Images from Unsplash

Disclaimer: This article is my learning note from the courses I took from Kaggle.

In this course, we will explore on data visualization using seaborn, a Python package to visualize data with a variety of plot types. The package is powerful yet easy to use, check out the below images on the plot types that seaborn is able to generate. You can also scroll to the bottom to see the table summary:

Plots That seaborn Can Create

Let’s explore the Python code to create different plot type with seaborn

1. Lineplot

In the code below, we use sns.lineplot() where it tells Python that we want to produce a line chart with the specified datasets. We only need to change the data parameters if we would like to plot for a different dataset.

Moreover, we can also set the size of the plot by calling plt.figure(figsize = (w,h)). By adjusting the height and width of the plot we can set our plot to the desired size.

# setting the plot size
plt.figure(figsize = (16,6)) # width and height

# plot line plot
sns.lineplot(data = fifa_data)

Line Plot

Now, let’s consider that we are using a dataset about the number of steams per day for songs such as:

Shape of You
Despacito
Something Just Like This

We would like to compare the streams between “Shape of You” and “Despacito”. But we do not want the plot to include the song “Something Just Like This”. Here’s how we can do it:

plt.title("Comparing Two Songs Streams")

sns.lineplot(data = spotify['Shape of You'], label = 'Shape of You')
sns.lineplot(data = spotify['Despacito'], label = 'Shape of You')

plt.xlabel("Date")

Comparing Two Songs Streams

2. Bar Charts & Heatmaps

For bar chart, we can plot it with sns.barplot(). Let’s say we want to visualize the average arrival delay for an airline service by month starting from January to December:

data = pd.read_csv(file_name, index_cols = 'Month')
sns.barplot(x = data.index, y =data['delay'])
plt.title("Average Arrival Delay By Month")
plt.ylabel('Arrival Delay (in minute)')

Bar Plot

Let’s also look at heatmap where it can be used to illustrate patterns in our dataset by color-coding each cell to its corresponding value:

sns.heatmap(data = data, annot = True)
plt.title('Average Airline Delay for Each Airline')
plt.xlabel('Airline')

Heatmap

The annot parameter ensures all value appears on the chart. By setting to False, we would have no number for each cell.

3. Scatter Plot

Scatter plot is used to show the relationship between two variables. It is a useful plot to understand the relationship between two variables. Here’s how we can plot it using Python:

sns.scatterplot(x = insurance_data['bmi'], y = insurance_data['charge'])

Scatter Plot

From the above plot, it seems that BMI are positive correlated with the insurance costs. Now, let’s do a double-checking by adding a regression line to our plot:

sns.regplot(x = insurance_data['bmi'], y = insurance_data['charge'])

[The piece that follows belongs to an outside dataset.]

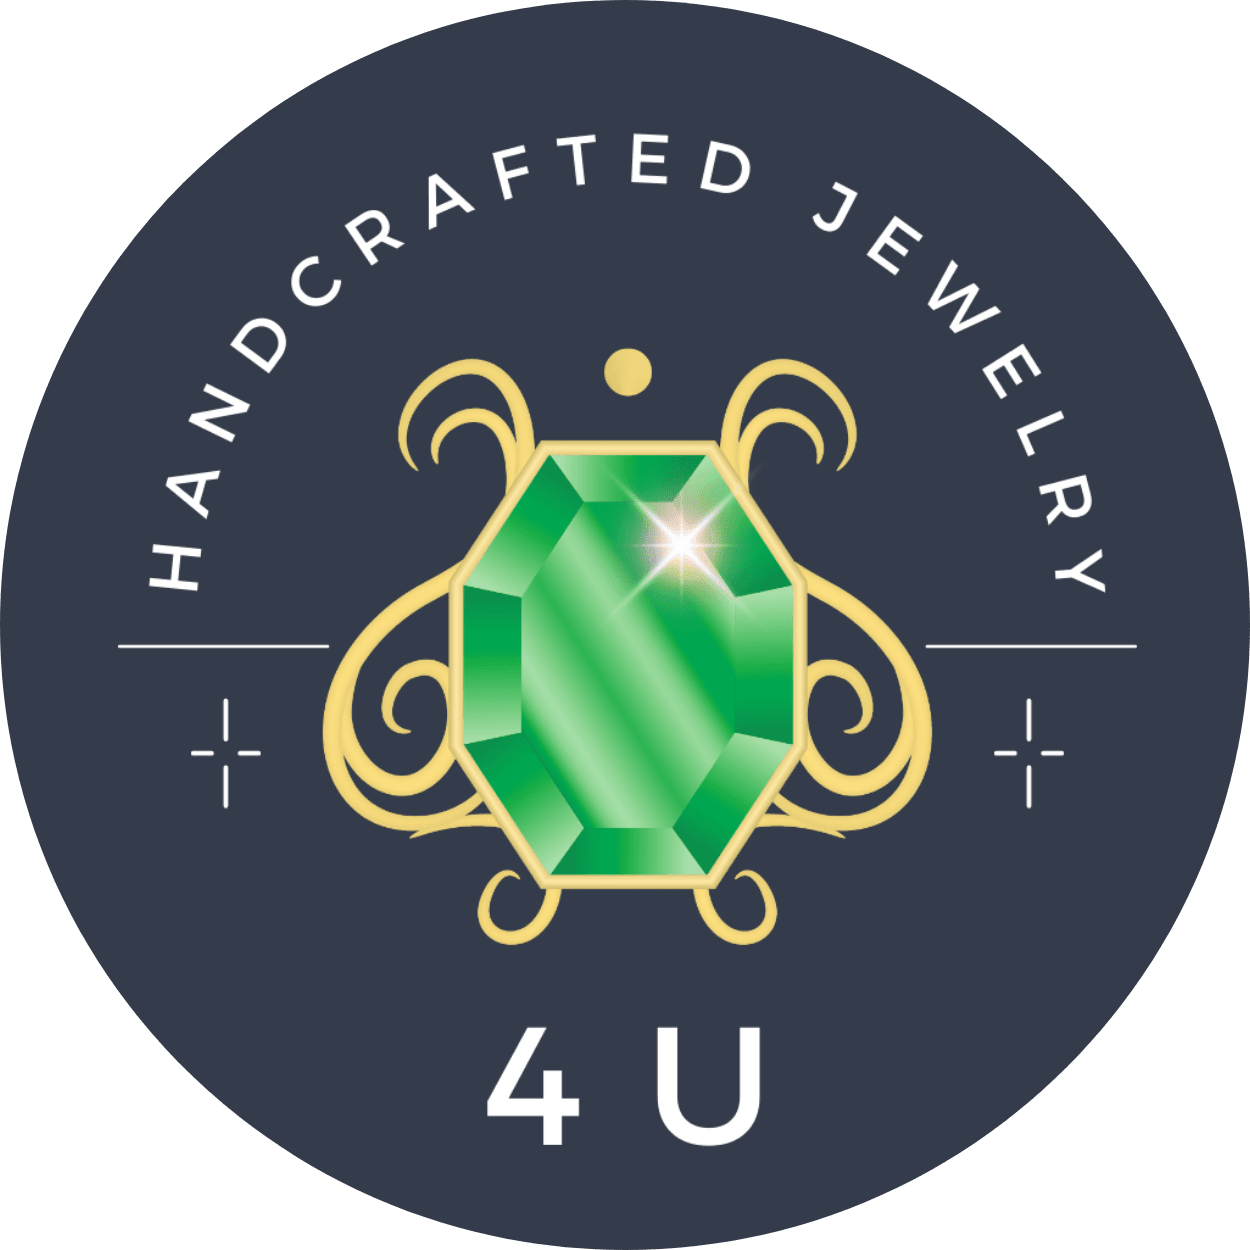 4U - Handcrafted Jewelry Designs, LLC.

Scatter Plot With Regression Line

In fact we can also perform some color-coding to our plot by adding the hue parameter. Let’s say we want to color-code the plot by separating people that smoke and do not smoke:

sns.scatterplot(x = insurance_data['bmi'], y = insurance_data['charge'], hue = insurance_data['smoker'])

Color-Coded Scatter Plot

It seems that smoker will tend to pay more than non-smoker. Let’s check it again by adding two regression lines:

sns.lmplot(x = 'bmi', y = 'charge', hue = 'smoker', data = insurance_data)

Multiple Regression Lines Plot

Another interesting plot to look into is known as the categorical scatter plot. The plot can be produced with the sns.swarmplot() command:

sns.swarmplot(x = insurance_data['smoker'], y = insurance_data['charges'])

Swarm Plot

Here’re some insights from the plot:

  • Non-smokers are charge less than smoker on average
  • People that pay the most are smokers, while those that pay the least are non-smoker.

4. Distributions

In this section, we will explore about histograms as well as the density plots. Histogram is a graph that shows the frequency of numerical data using rectangles while for a density plot, it represents the distribution of a numeric variable.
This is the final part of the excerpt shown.